Does anyone have any ideas of what a good specialty that has a slower pace and less of all this stuff would be?

Extended care home health puts forth only one patient, however, you have maximum contact with families, some of whom go way overboard with antagonism. You can control this by insisting that your agency only place you on night shift (family in bed), or on cases where the family members work away from the home, or otherwise are gone from the home, during your shift.

MaggieMaggie: Employee Health is really the best, I agree. No families and your patients are your coworkers.

Best job I ever worked.

Specializes in LTC, med/surg, hospice.

Endoscopy, Outpatient Radiology, Clinic nursing, Employee health, Occupational health, Surgical pre-assessment, Utilization management/review

Specializes in Nephrology, Peds, NICU, PICU, adult ICU.
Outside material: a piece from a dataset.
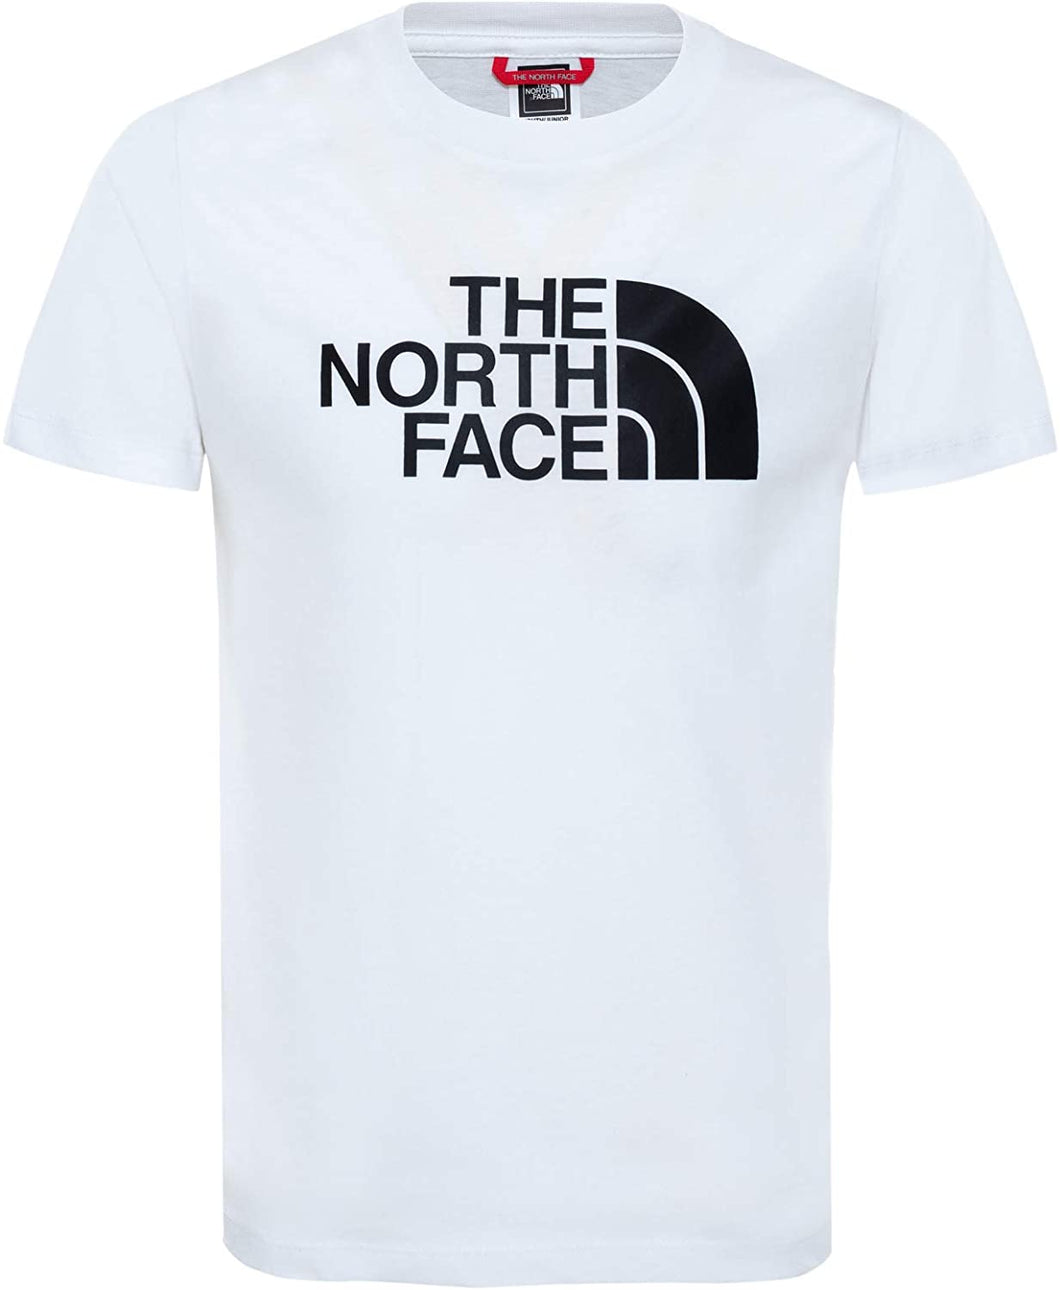 The North Face T-Shirt Junior Bambino Bianca

There is less family interactions on nights, particularly if your facility has designated visiting hours but pace usually isn't any slower and you might have a larger patient load than during day shift.
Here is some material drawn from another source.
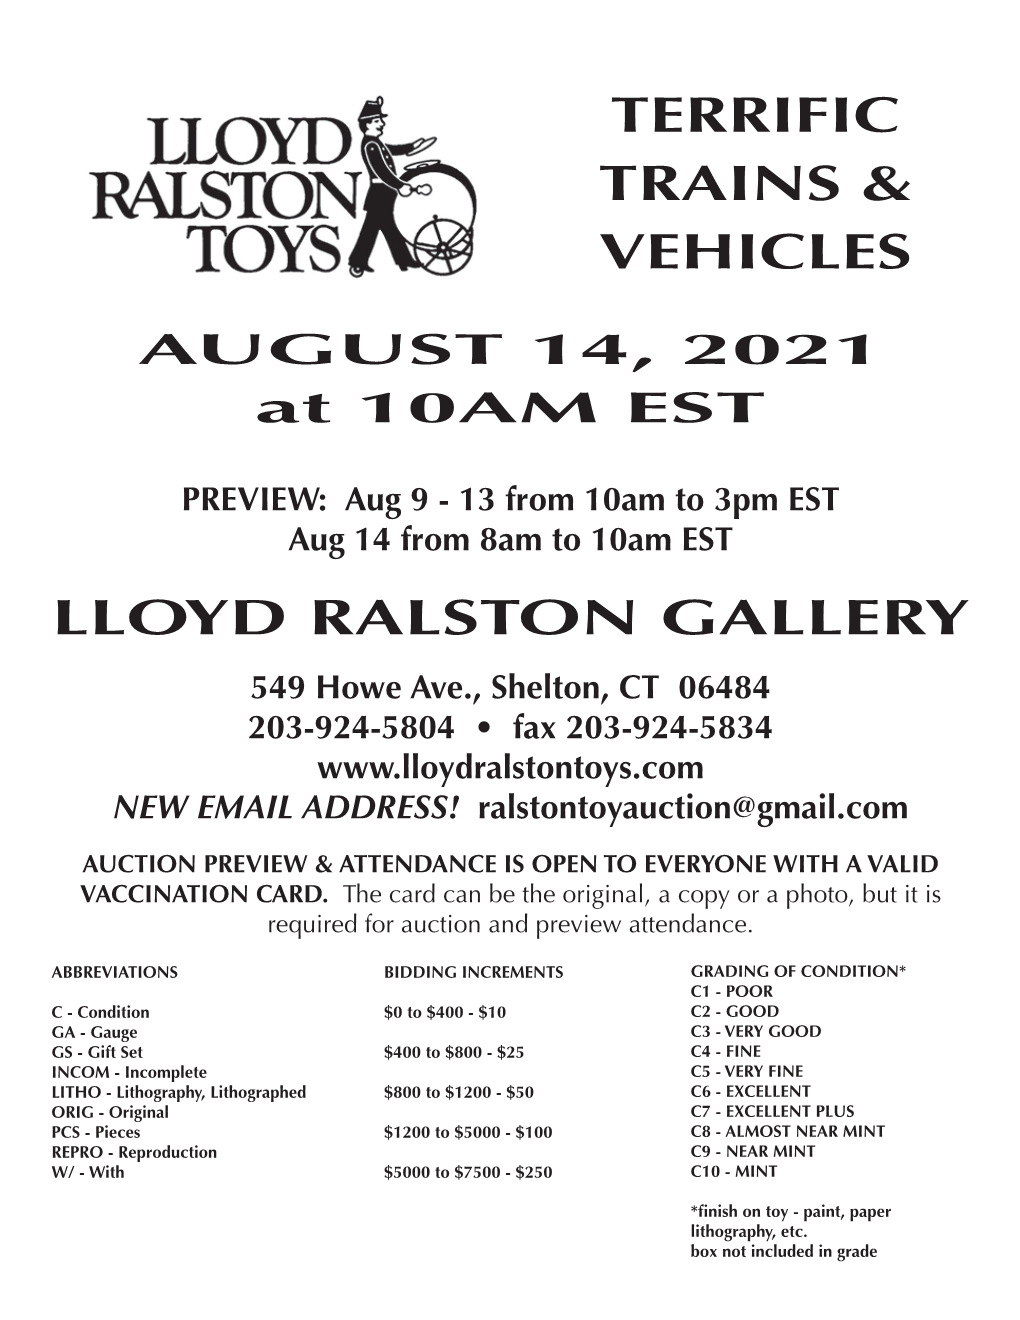 Terrific Trains & Vehicles Lloyd Ralston Gallery

Maybe look into an out-patient ambulatory care setting?

I had a professor in nursing school who said working oncology nursing at a cancer center was slow-paced. I have no oncology experience, so I don't know personally.

Specializes in 15 years in ICU, 22 years in PACU.

My experience with travel nursing is we call in a travel nurse when we're short staffed and already up to our elbows in alligators. So we were busy, busy, busy before you got here and expect you to bring your own roller skates!

The cliche "PACU is where burnt out ICU nurses go to die" has some validity. You are paid more for what you know rather than what you do. If I am really that busy for more than 20 minutes at a stretch there is sumtin up and I better get on it! I use my ICU experience to prevent rather than deal with crisis. Can't let that routine surgery turn into an ICU admission. Explaining that to upset family members makes for unsatisfactory survey scores.

If you're not adverse to taking call, that's where it really gets sweet. One patient at a time, two PACU nurses required to staff the unit and you get to wear hospital provided pajamas (scrubs), all for time and a half.

I had a professor in nursing school who said working oncology nursing at a cancer center was slow-paced. I have no oncology experience, so I don't know personally.

Oncology was one of the toughest places I worked. Pain meds, chemo, ports, precautions, families, emotions, vomit, diarrhea, PAIN MEDS, dressings, blood draws on crap veins and OH, did I mention the pain meds?

That being said, Onc nurses were some of the best I've ever worked with.

Specializes in Hospice Nursing.
Oncology was one of the toughest places I worked. Pain meds, chemo, ports, precautions, families, emotions, vomit, diarrhea, PAIN MEDS, dressings, blood draws on crap veins and OH, did I mention the pain meds?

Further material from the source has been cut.